En définitive, seule une intense initiation philosophique entreprise dès l'enfance peut servir de fondation solide à la culture démocratique en Afrique. Elle seule est capable de vraiment cultiver chez les enfants l'ouverture au dialogue, le jugement critique, l'esprit d'analyse, l'autocritique, la libre expression des opinions, le débat de conceptions. Autant de choses qui permettent de libérer ces citoyens en herbe de l'intolérance, cause fondamentale des conflits en Afrique. La culture de la paix en Afrique passe par l'échange, lequel réside dans le fait que, pour parler comme Ricœur, "je ne peux m'estimer moi-même sans estimer autrui comme moi-même4." De ce fait, il faut parler aux enfants du racisme, de l'ethnocentrisme, de la xénophobie, de l'intégrisme. Il faut leur exposer les conséquences néfastes de tous ces comportements indignes d'un homme vraiment raisonnable.

Bibliographie

  • Leif J., Philosophie de l'éducation, Librairie Delagrave, Paris, 1974.
  • Meyer-Bisch Patrice, La culture démocratique : un défi pour les écoles, Editions Unesco, Paris, 1995.
  • Morandi Franc, Philosophie de l'éducation, Ed. Nathan, Paris 2000.
  • Ngakoutou Timothée, L'éducation africaine demain : continuité ou rupture, Edition l'Harmattan, Paris, 2004.
  • Platon, République, Trad. Française par Robert BACCOU, Paris, Garnier Flammarion, 1966.
  • Ricœur P., De l'interprétation, le Seuil, 1975.
  • Serres Michel, Le Tiers-Instruit, Paris, Gallimard, 1991.
  • Wirth P., et al., Education civique, Librairie Delagrave, Paris, 1987.

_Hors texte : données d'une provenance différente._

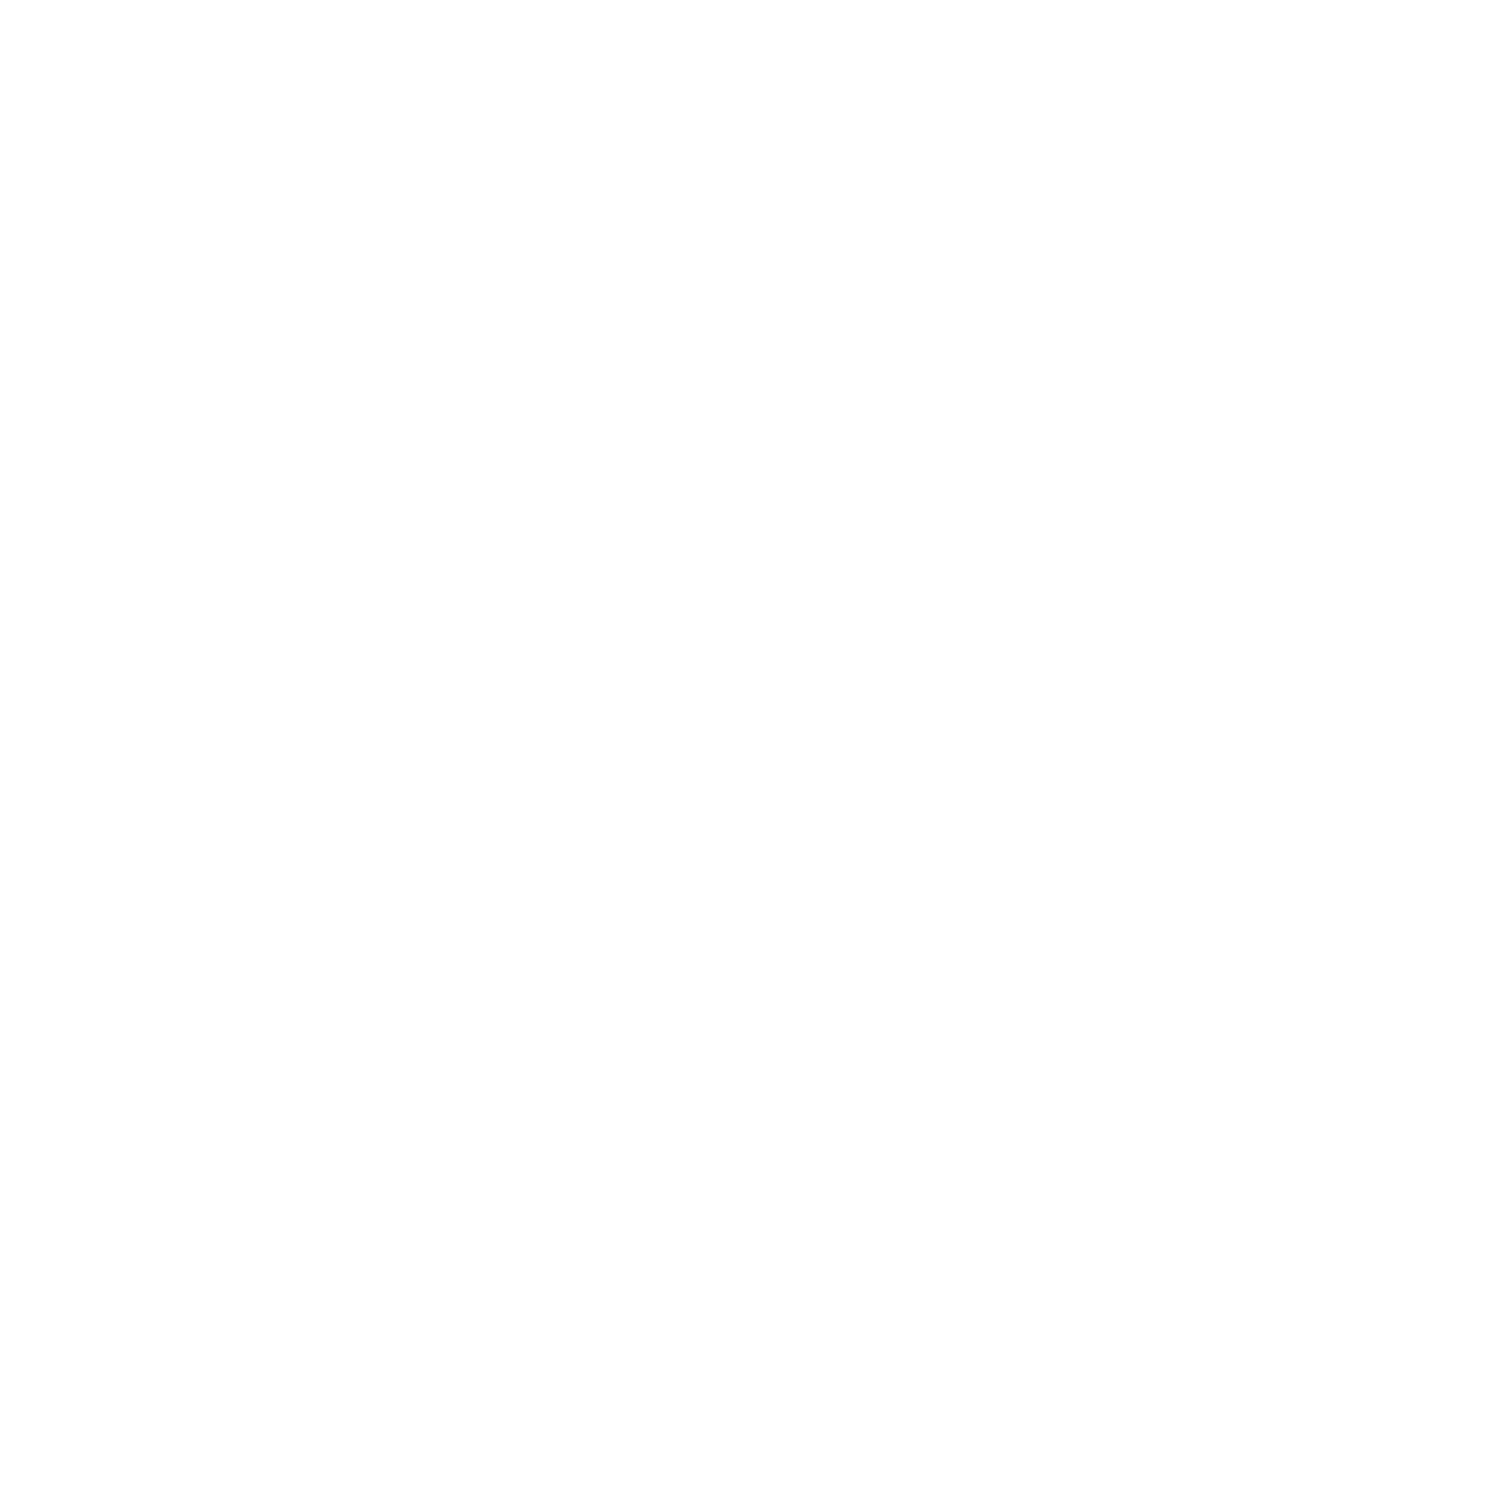 Shaka Wear Garment Dye White Heavyweight T-Shirt
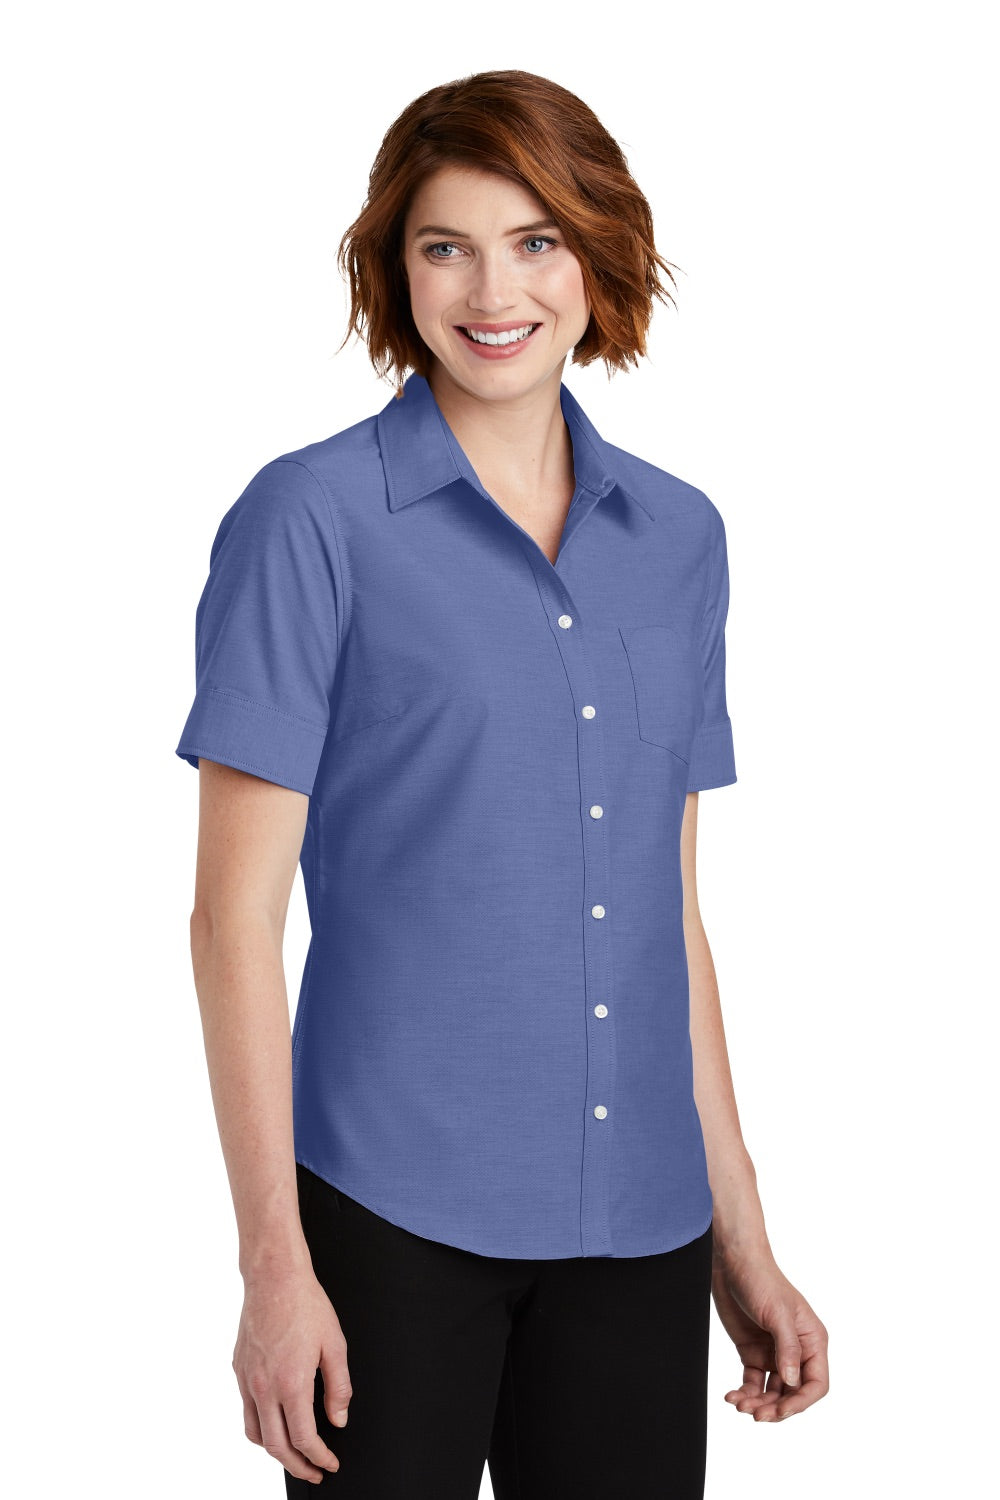 Port Authority L659 Womens SuperPro Oxford Wrinkle Resistant Short Sleeve Button Down Shirt w/ Pocket Navy Blue 3Q

(1) P. Wirth, et al. , Education civique , Paris, Delagrave, 1987, p. 4.

(2) Platon, République, Traduction française par Robert Baccou, Paris, Garnier Flammarion, 1966, 378d.

(3) Patrice Meyer-Bisch , La culture démocratique : un défi pour les écoles, Paris, Editions Unesco, 1995, P.45.

(4) Ricœur Paul cité par Morandi Franc, Philosophie de l'éducation, 2000, Ed. Nathan, p. 108.